InTune: Reinforcement Learning-based Data Pipeline Optimization for Deep Recommendation Models
“Recommendation systems now underpin many essential components of the web ecosystem, including search result ranking, ecommerce product placement, and media suggestions in streaming services. Over the last several years, many of these services have begun to employ deep learning (DL) models in their recommendation infrastructure, to better exploit historical patterns in their data. In turn, DL-based product recommendation has quickly become one of the most commercially significant applications of DL. Companies have begun to invest heavily in DL recommendation infrastructure, often maintaining entire datacenters and super-clusters for the sole purpose of recommender model training [1]. But in many cases, these infrastructural investments have run into critical hurdles [7]. Practitioners and cluster administrators are discovering that the training optimization challenges faced with DL recommender models differ significantly from those seen in historical practice with other DL model types [51]. In particular, recent studies of industry clusters have found that the unique design of recommender model architectures has left training pipelines susceptible to inefficiencies in data ingestion [54].
Most DL architectures are dominated by high-intensity matrix operators, and standard tooling for DL training optimization has evolved to support models that fit this pattern [9, 12, 14, 19, 29, 42, 44]. In such cases, model execution usually dominates training times to such a degree that data ingestion procedures (e.g. disk loading, shuffling, etc) can be overlapped with and hidden underneath the matrix operation times.
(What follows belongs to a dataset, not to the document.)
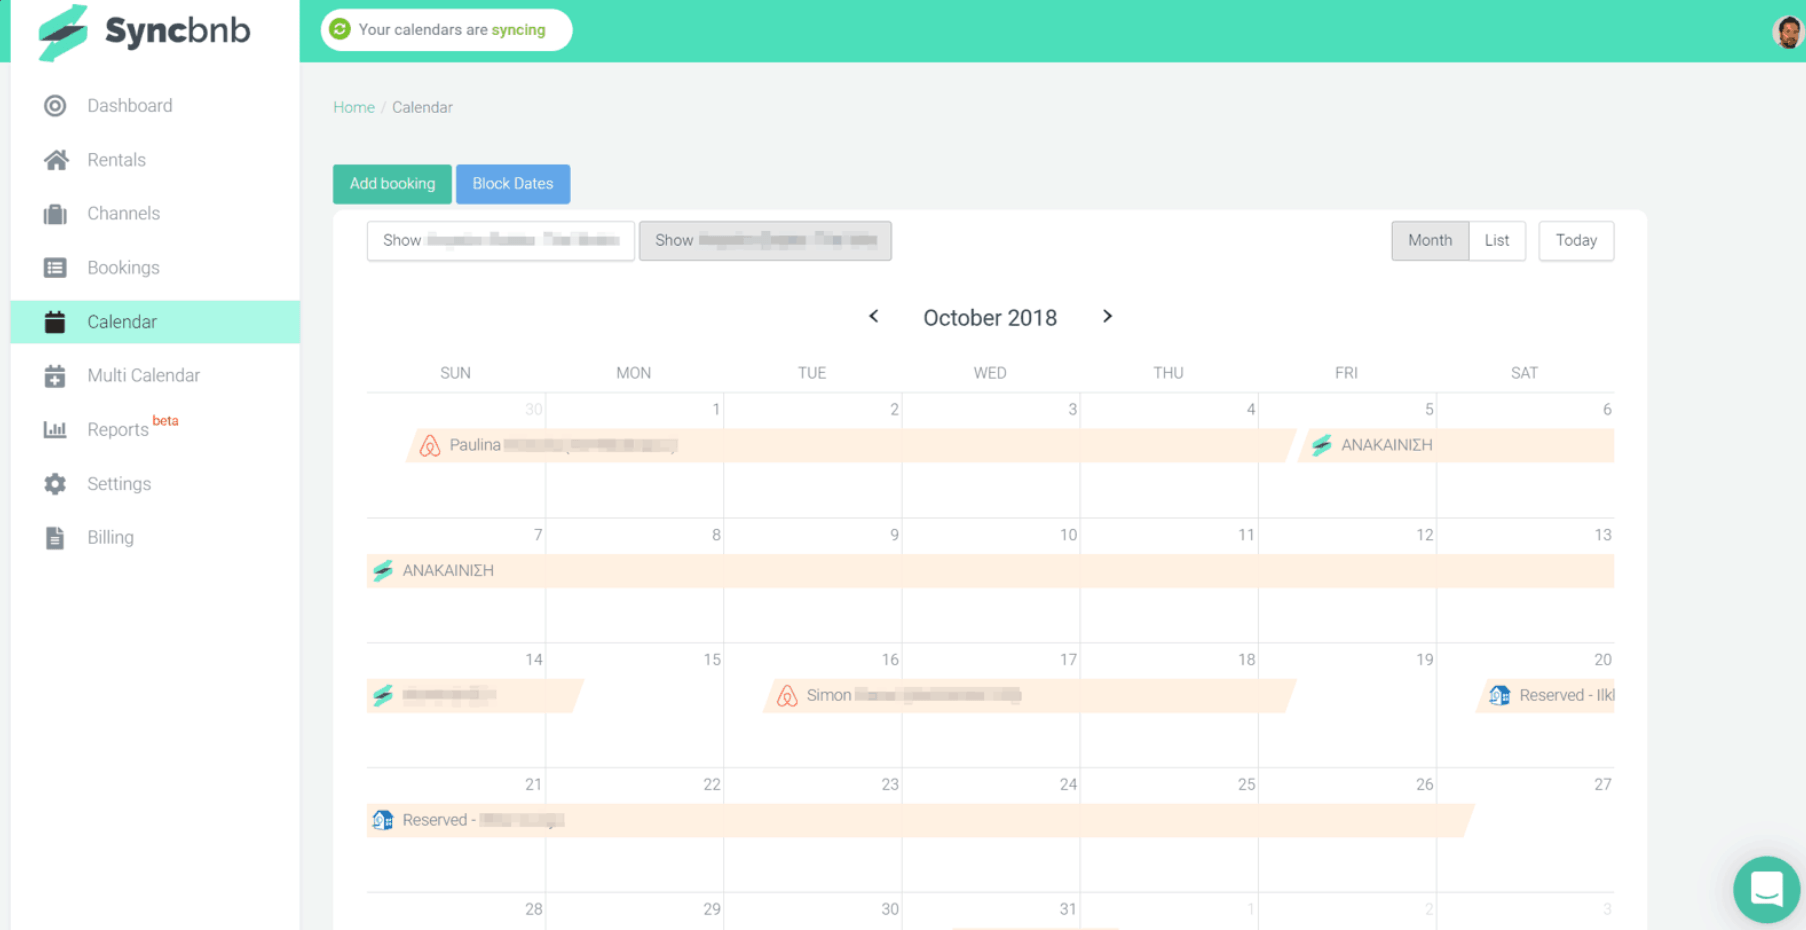 Syncbnb calendaring functionality demo screen.

Unfortunately, however, DL-based recommender models (DLRMs) are atypical in this regard. Recommender datasets are generally composed of both sparse (categorical) and dense (continuous) features, and joining information across features requires transforming these two representations into a common format. To this end, DLRM architectures use embedding tables to transform categorical inputs into dense embedding vectors through a hash-table lookup. These can then be combined with the dense vectors and fed through some secondary DL model to produce user-item probability ratings [50]. Figure 1 illustrates a typical architecture.”